Required action
Retype nothing except the lines below from the one with "Crazy horse dude" through the one with "Fotografie - Tagliatelle", exactly, with images left out.

Data extracts
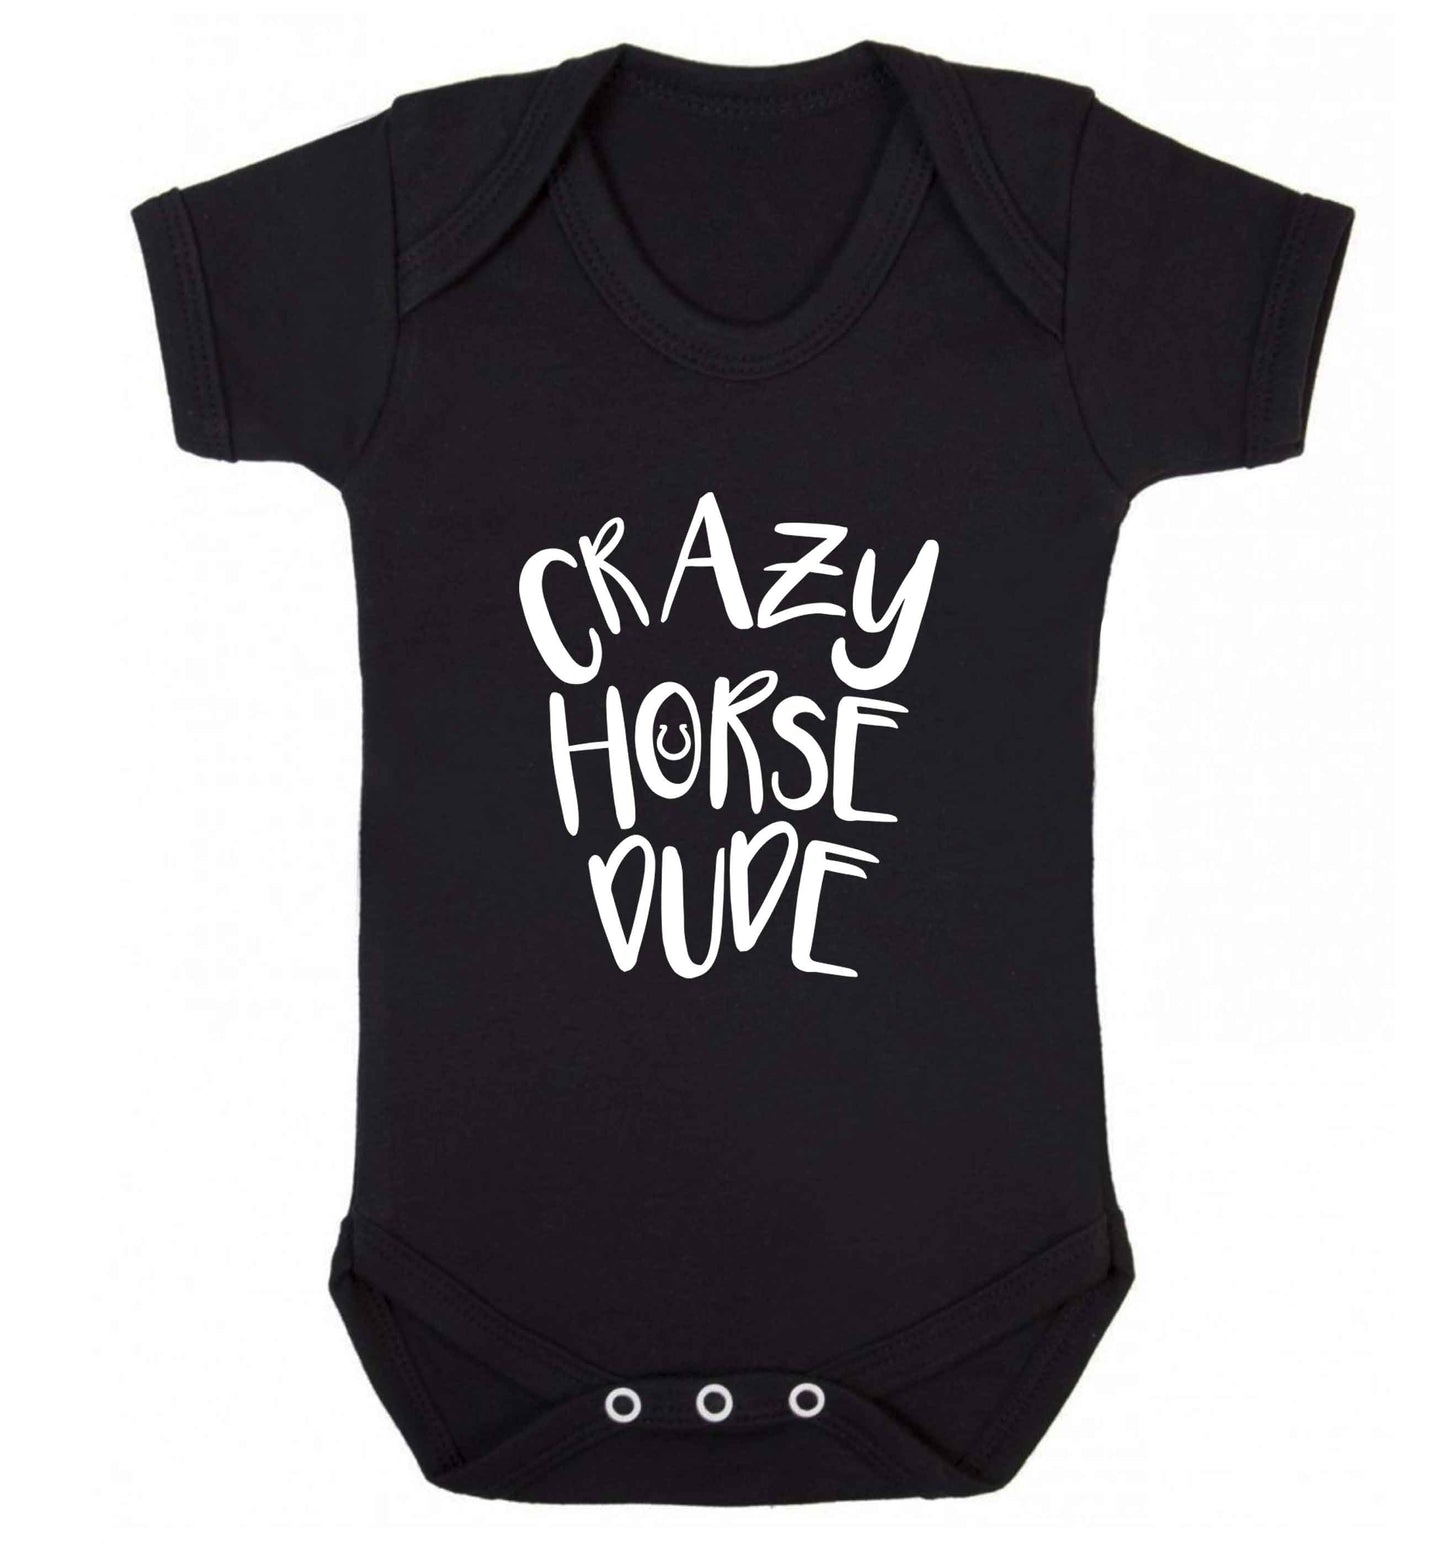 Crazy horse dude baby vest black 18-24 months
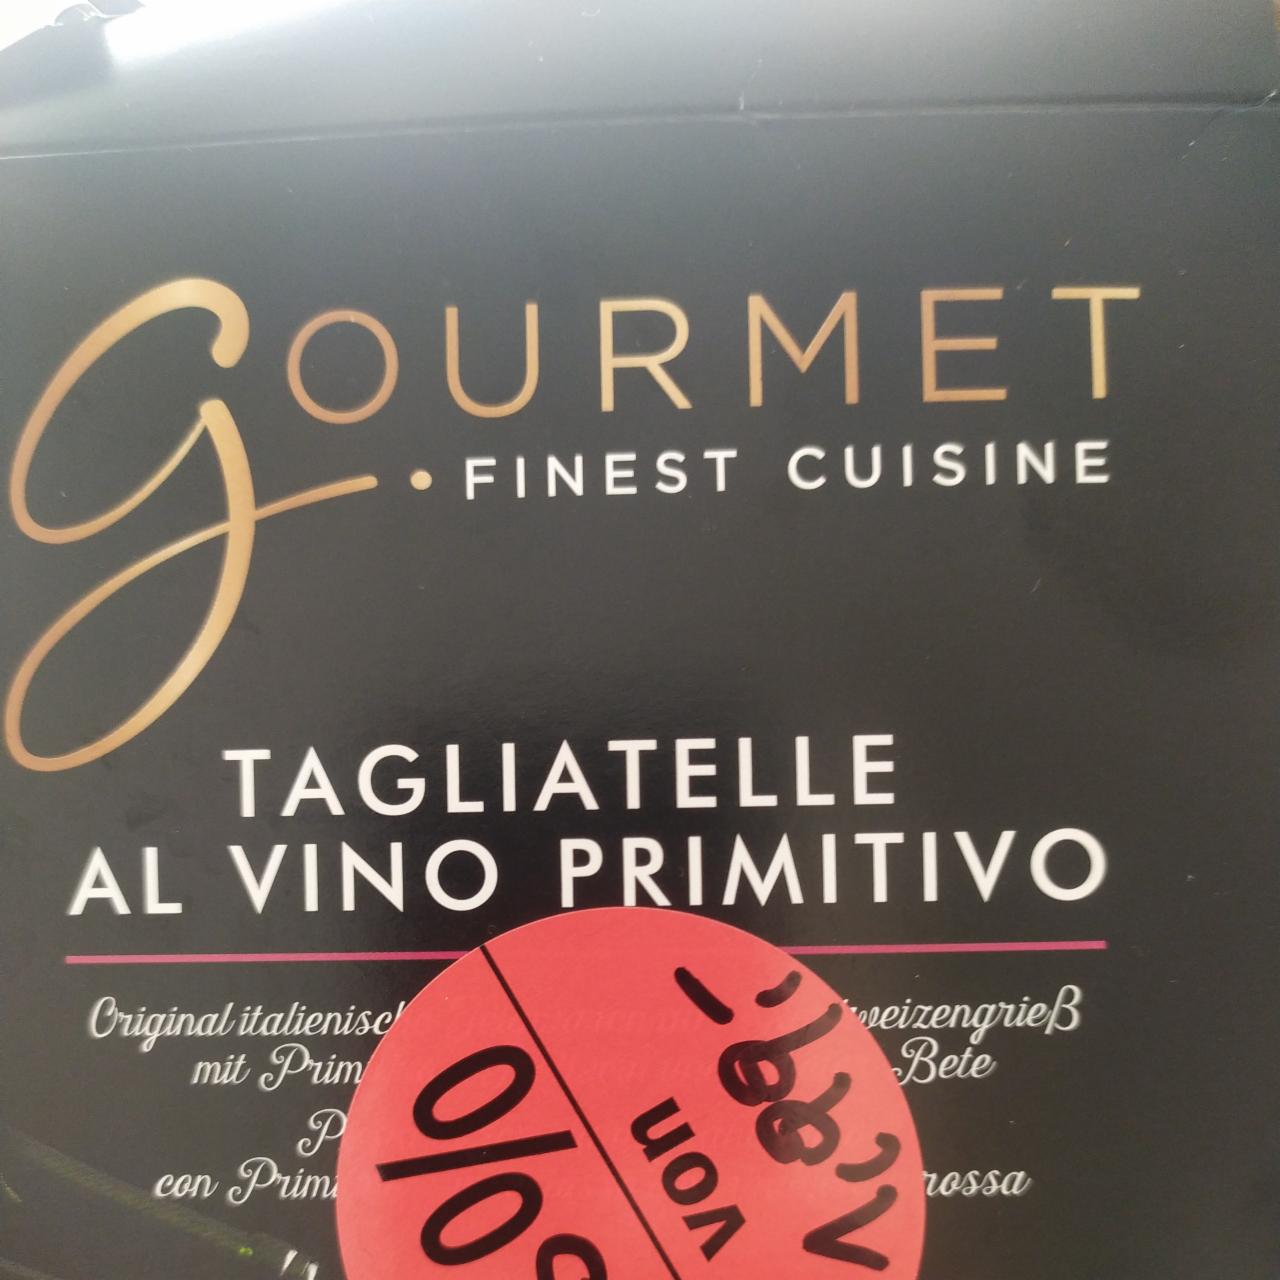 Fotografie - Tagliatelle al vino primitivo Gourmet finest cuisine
---
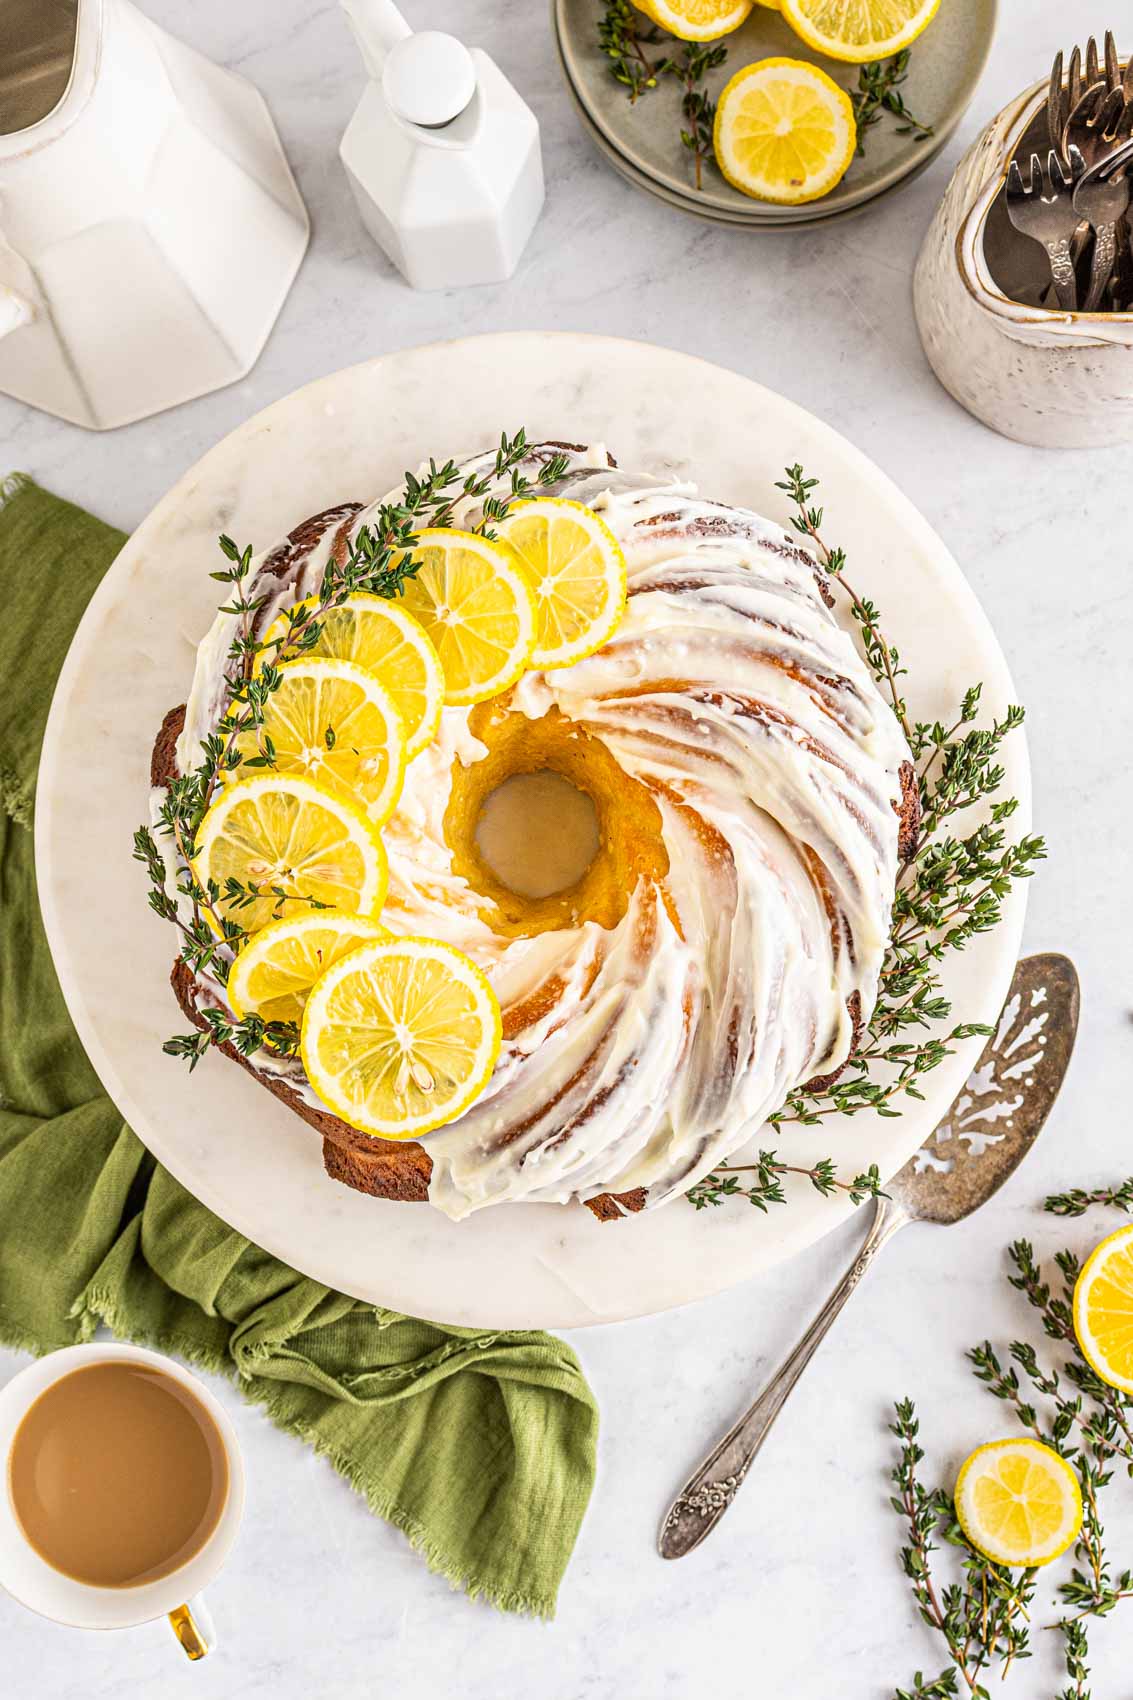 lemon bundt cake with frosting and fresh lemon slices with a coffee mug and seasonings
---
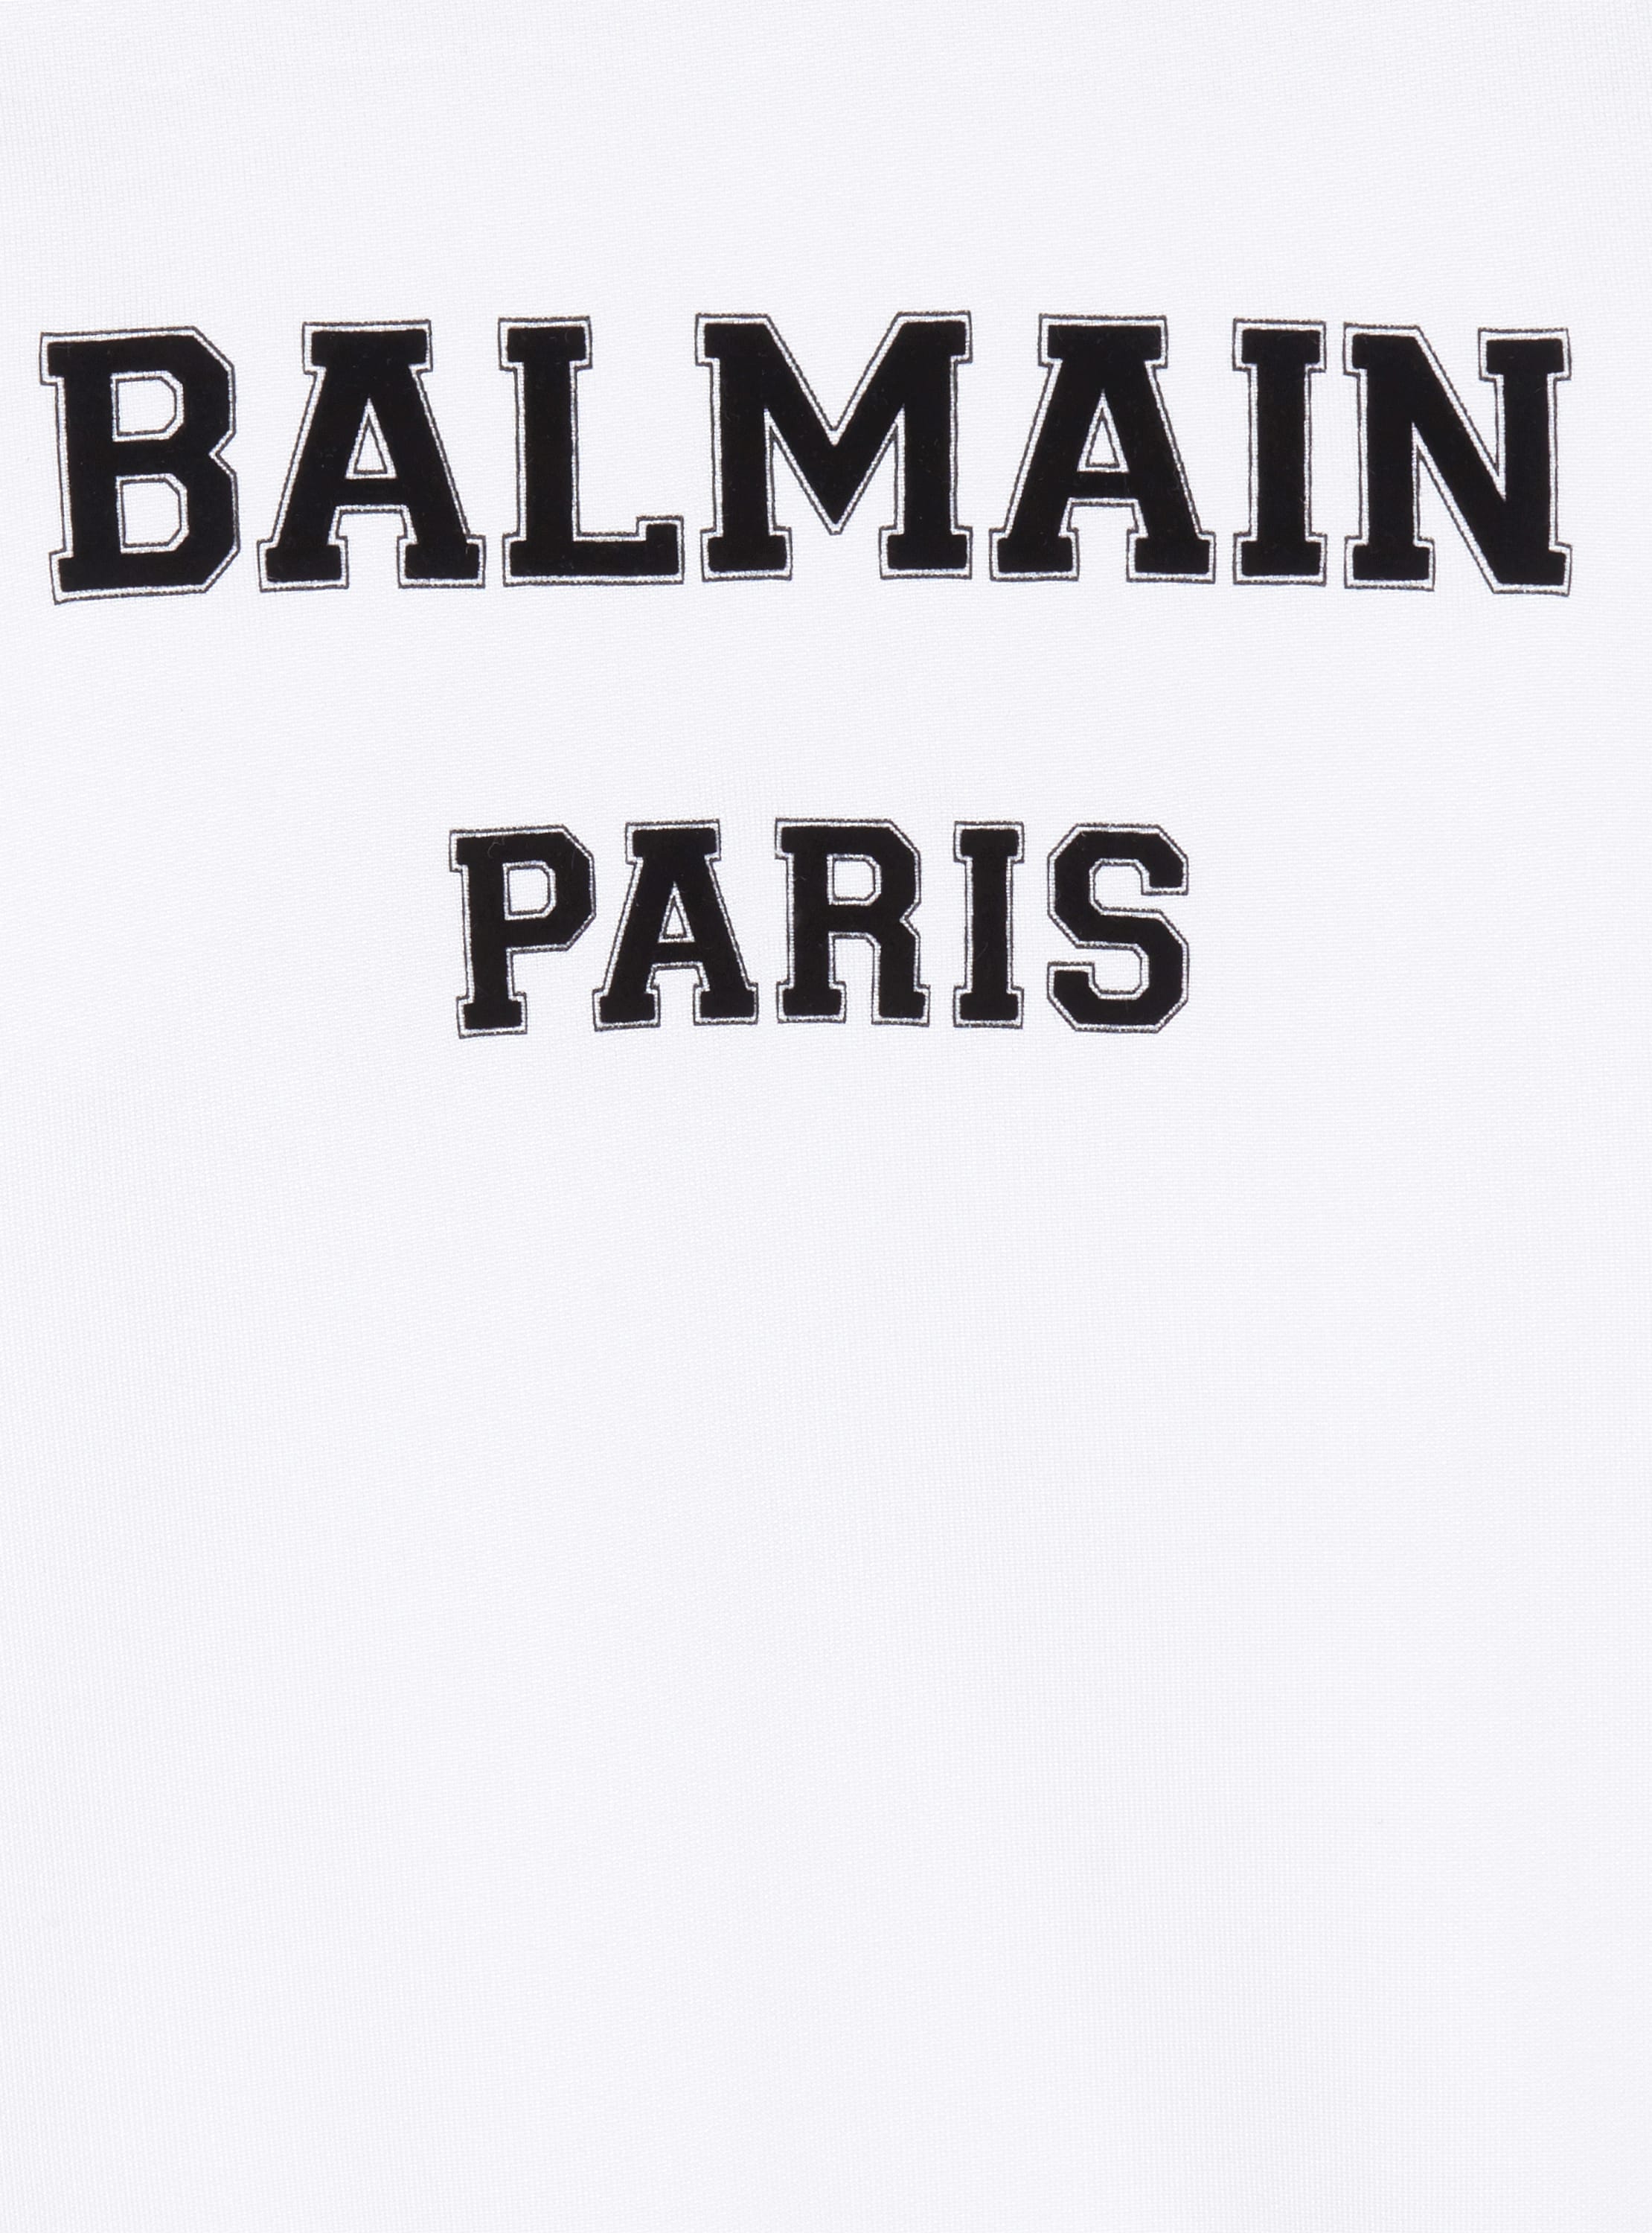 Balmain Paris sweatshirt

Reply
 Crazy horse dude baby vest black 18-24 months
 Fotografie - Tagliatelle al vino primitivo Gourmet finest cuisine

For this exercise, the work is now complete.